§ WHAT IS BEING ASKED:
Copy out each line below verbatim, skipping any picture.

§ DATA BELOW:
= = =
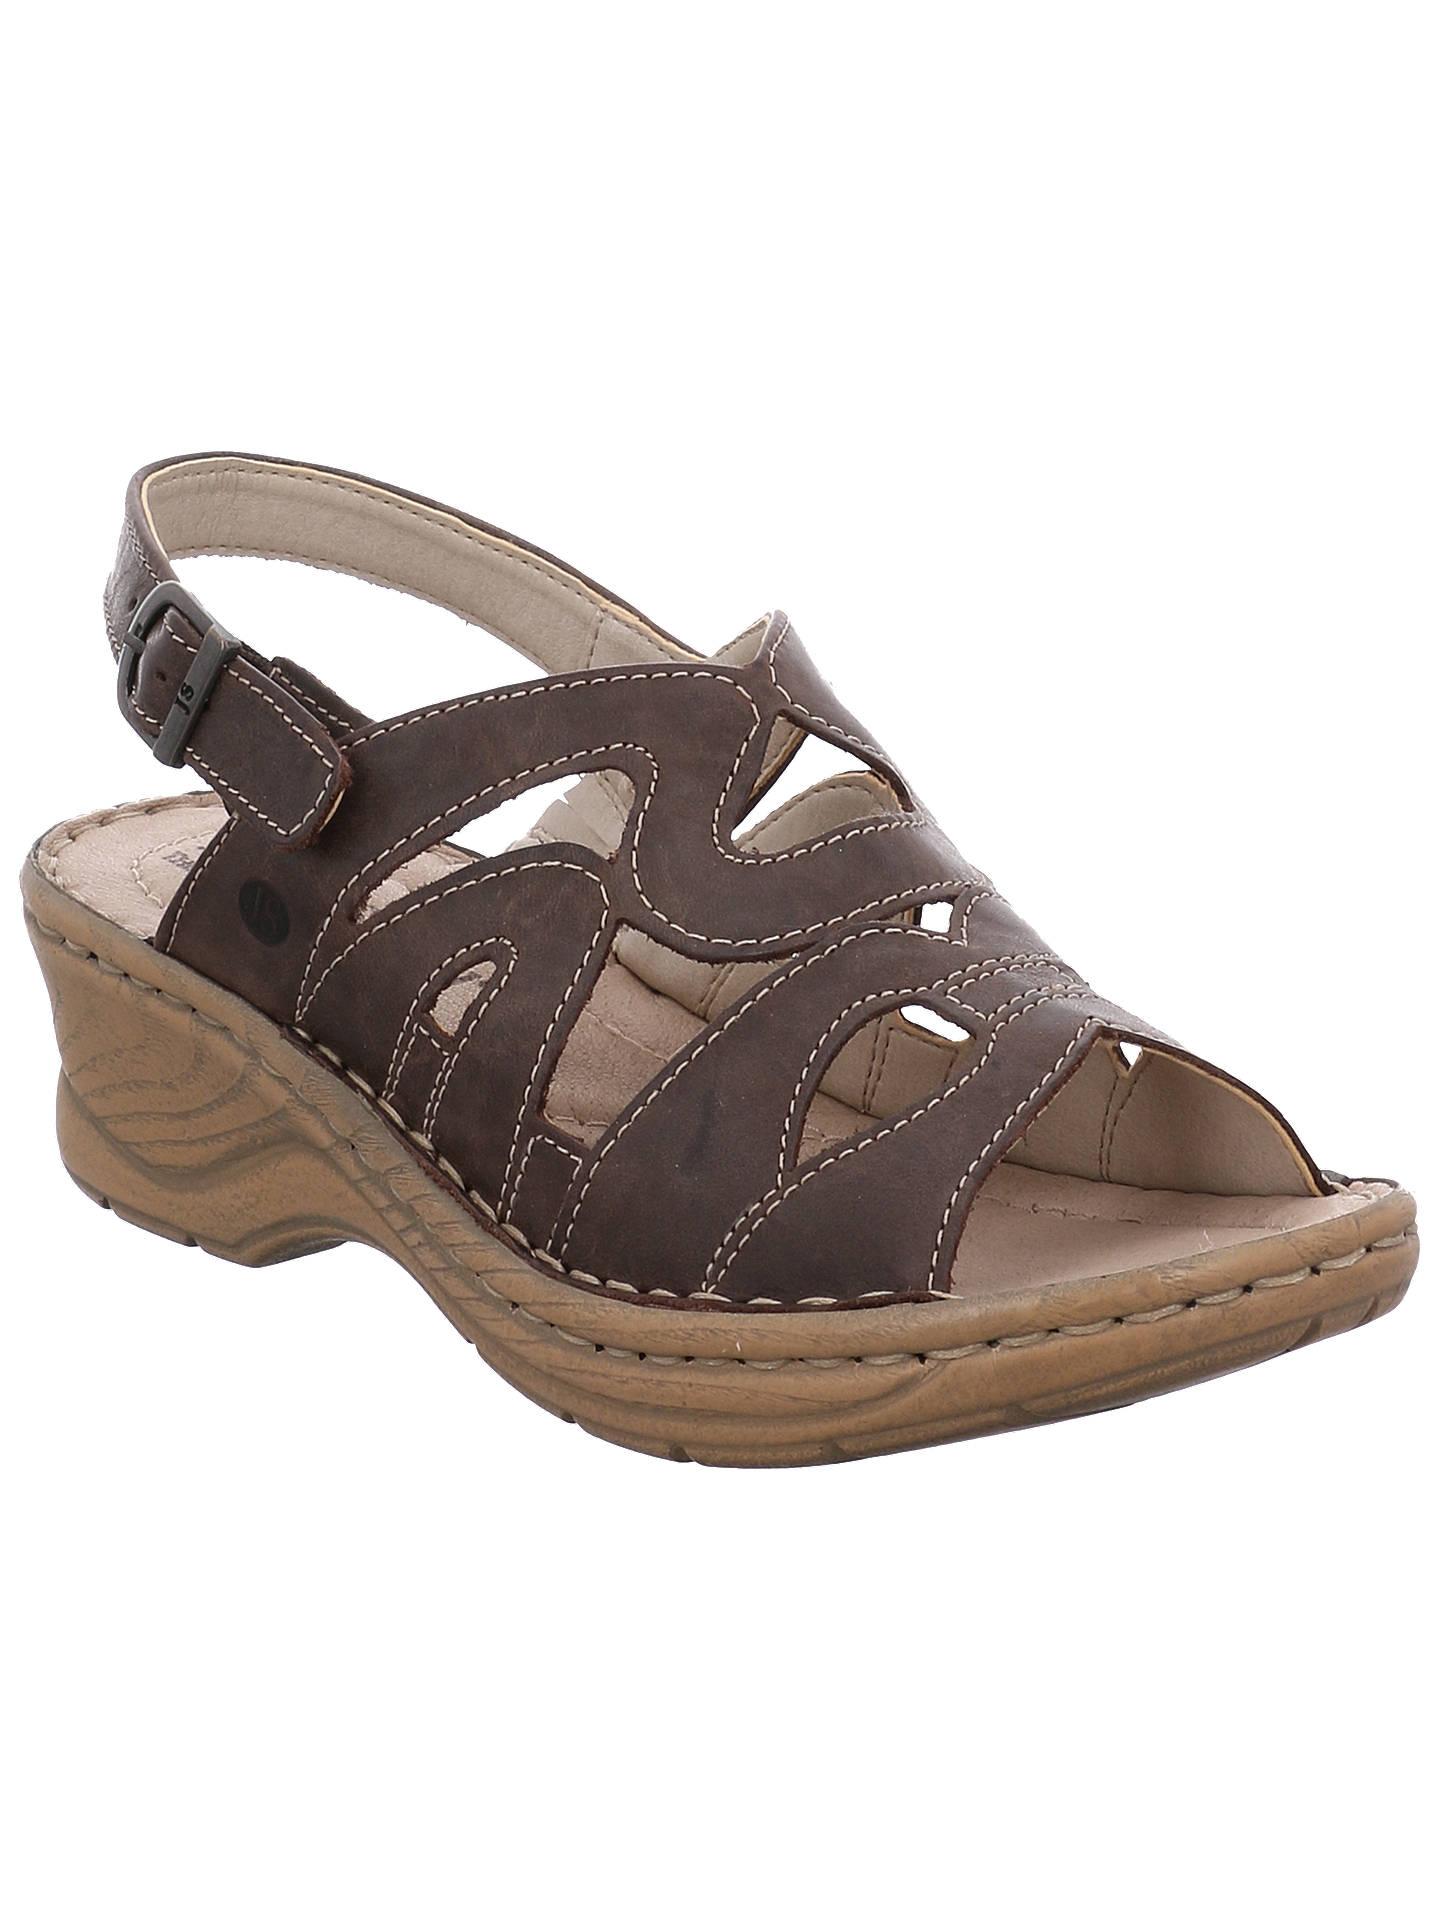 d6c30d8b1f2 Buy Josef Seibel Catalonia 46 Slingback Sandals
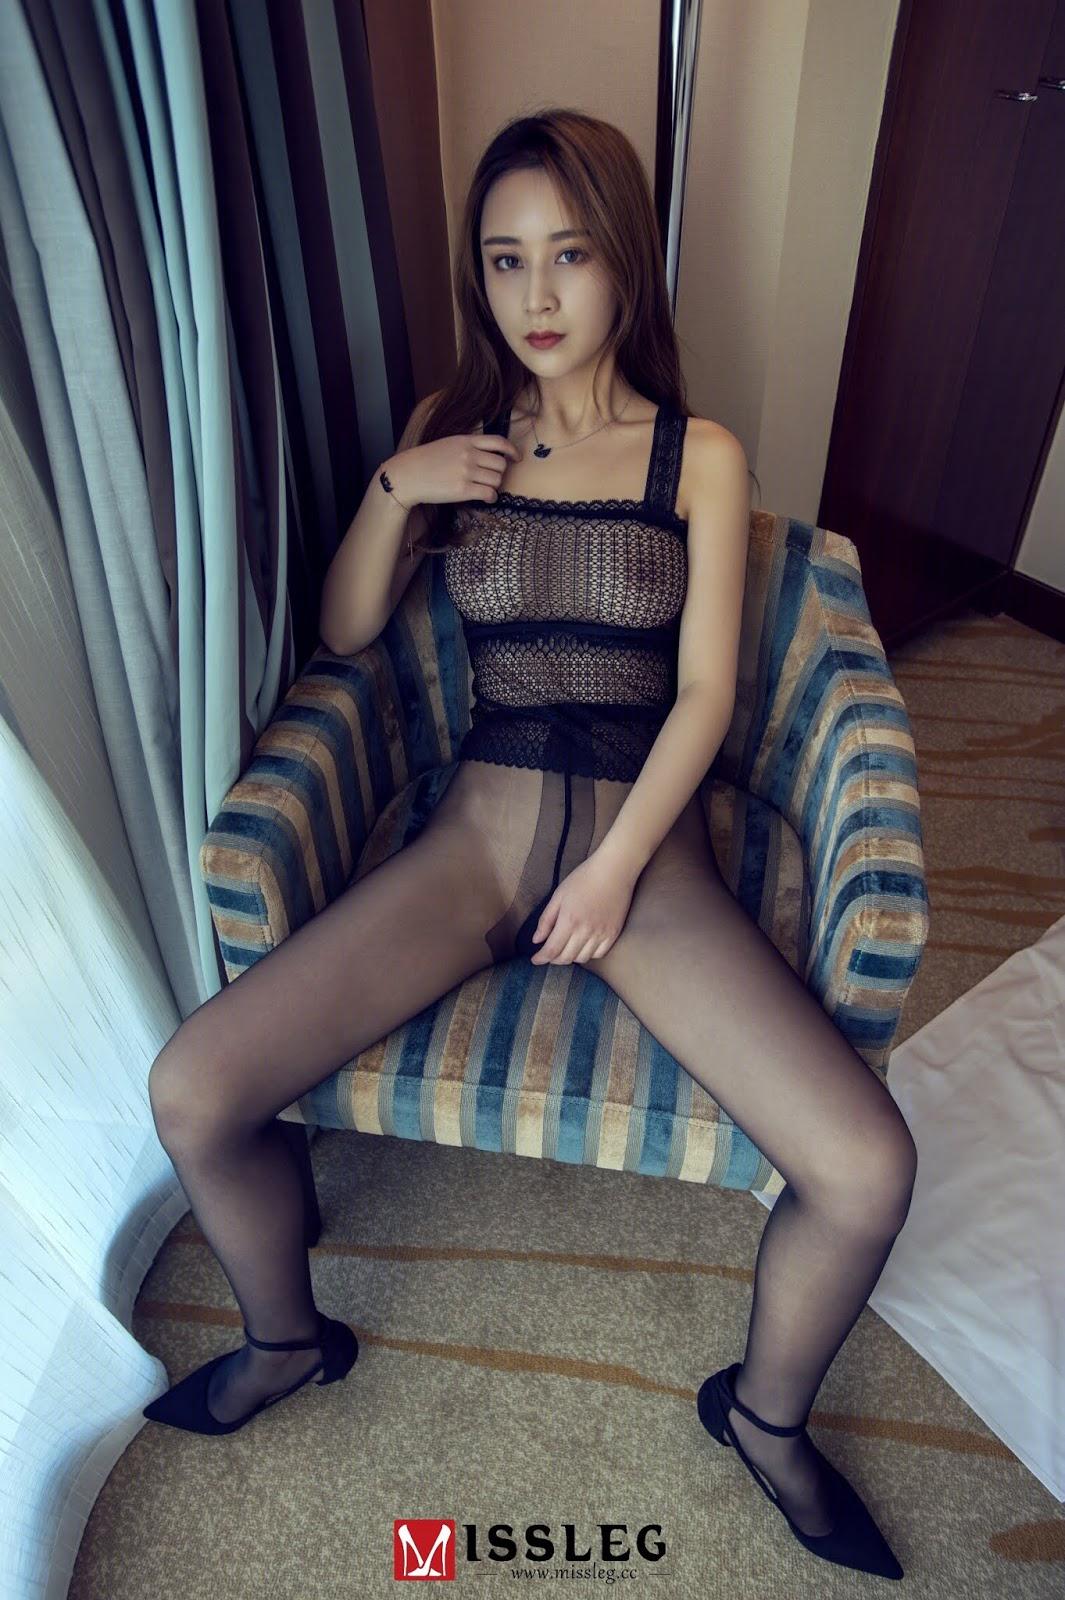 Chinese Model 嫩模乔 MissLeg No 005 (61 Pict)
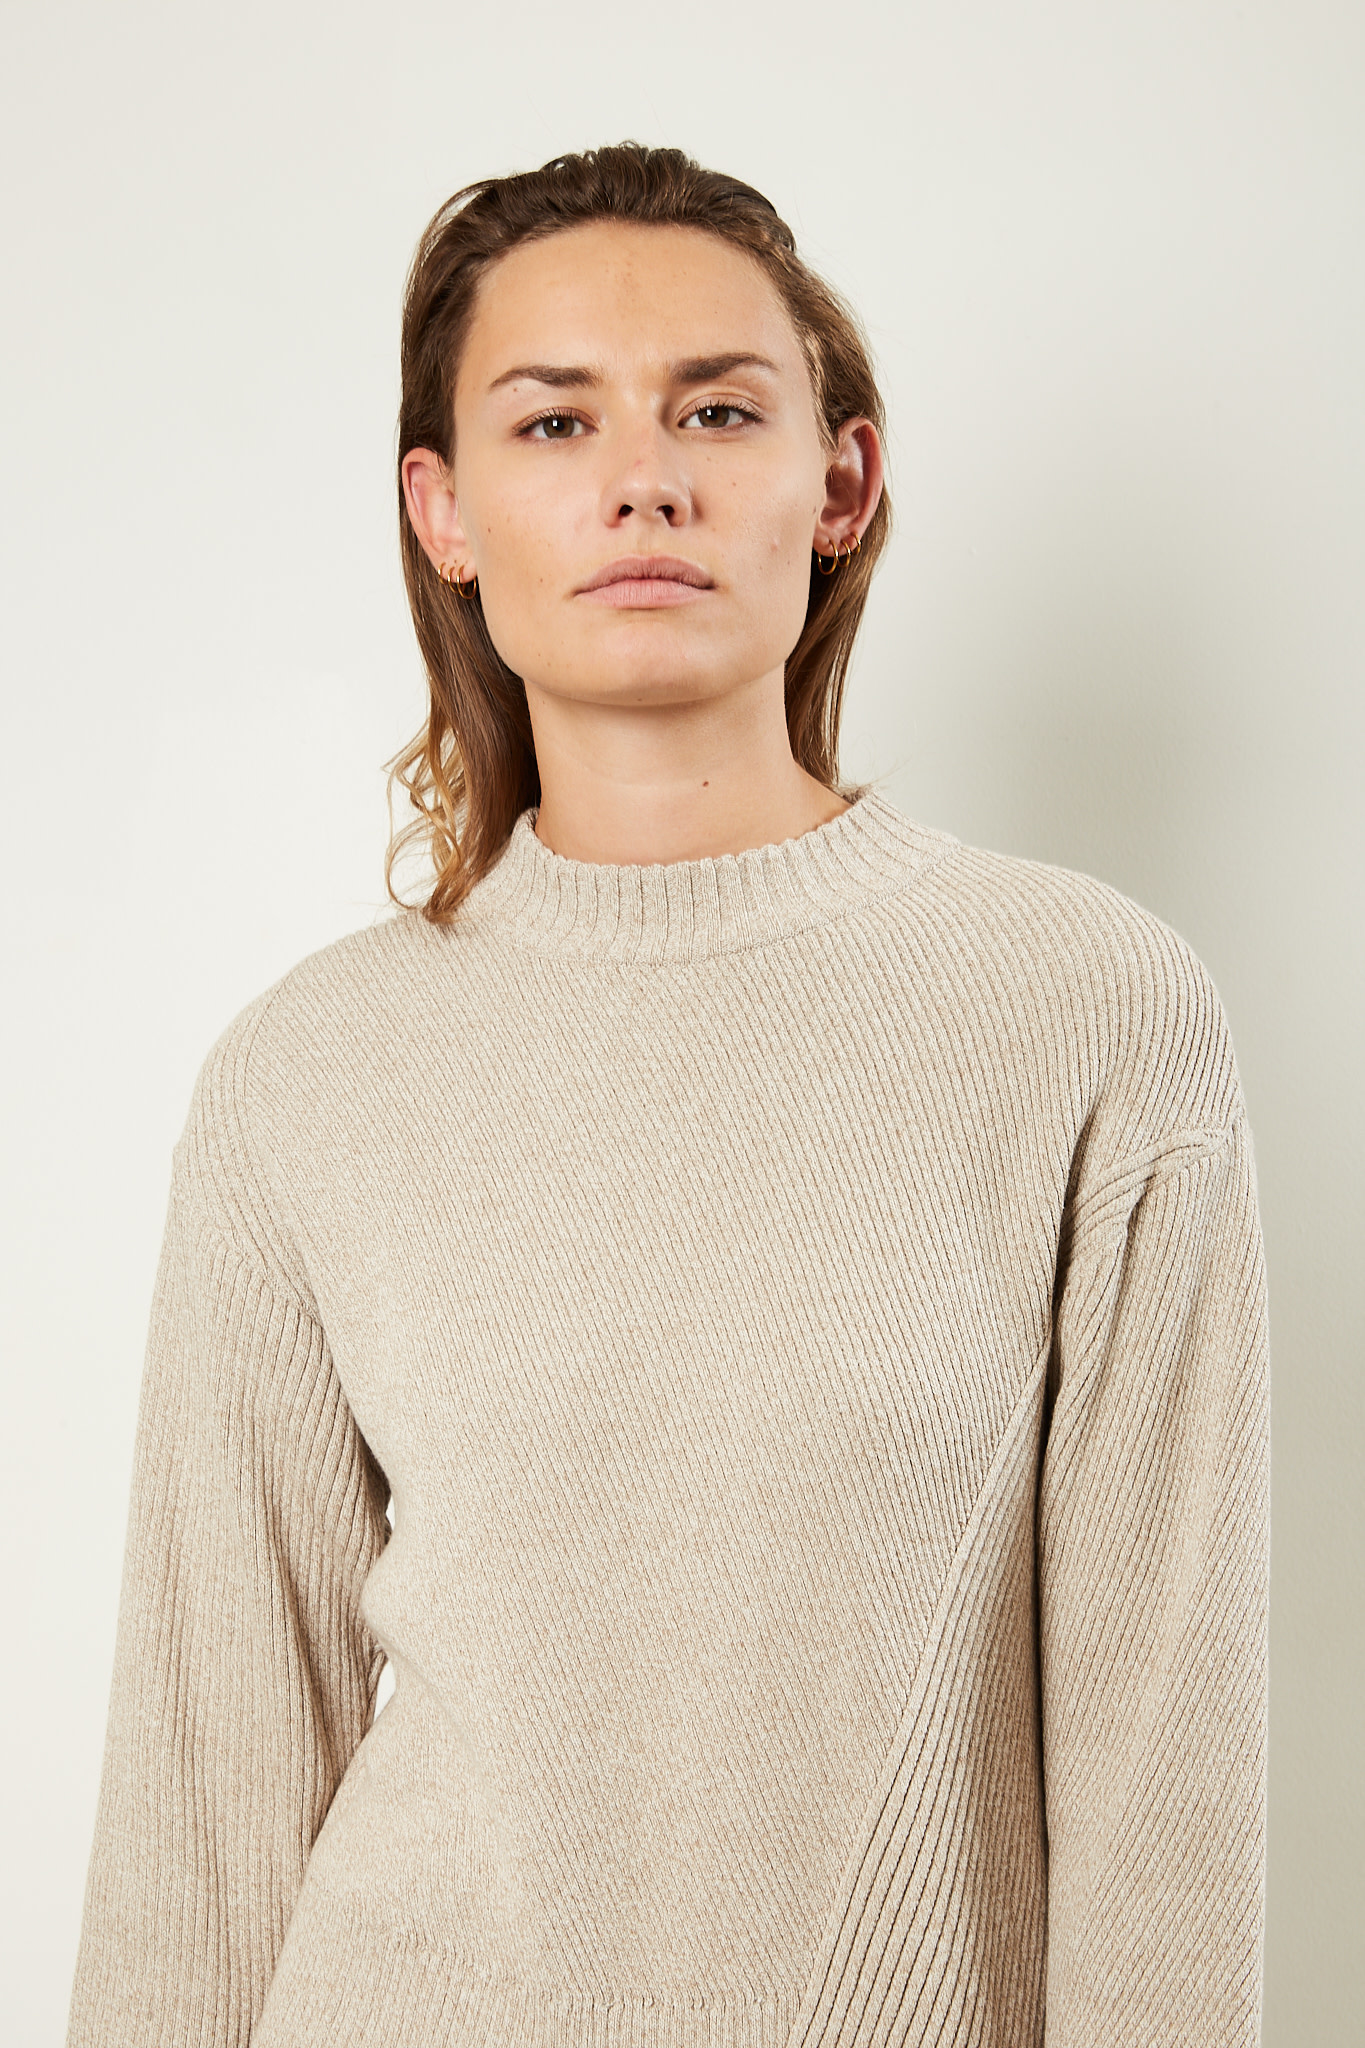 Aeron - Sommer melange knit dress
= = =
§ WORKED SOLUTION:
 d6c30d8b1f2 Buy Josef Seibel Catalonia 46 Slingback Sandals
 Chinese Model 嫩模乔 MissLeg No 005 (61 Pict)
 Aeron - Sommer melange knit dress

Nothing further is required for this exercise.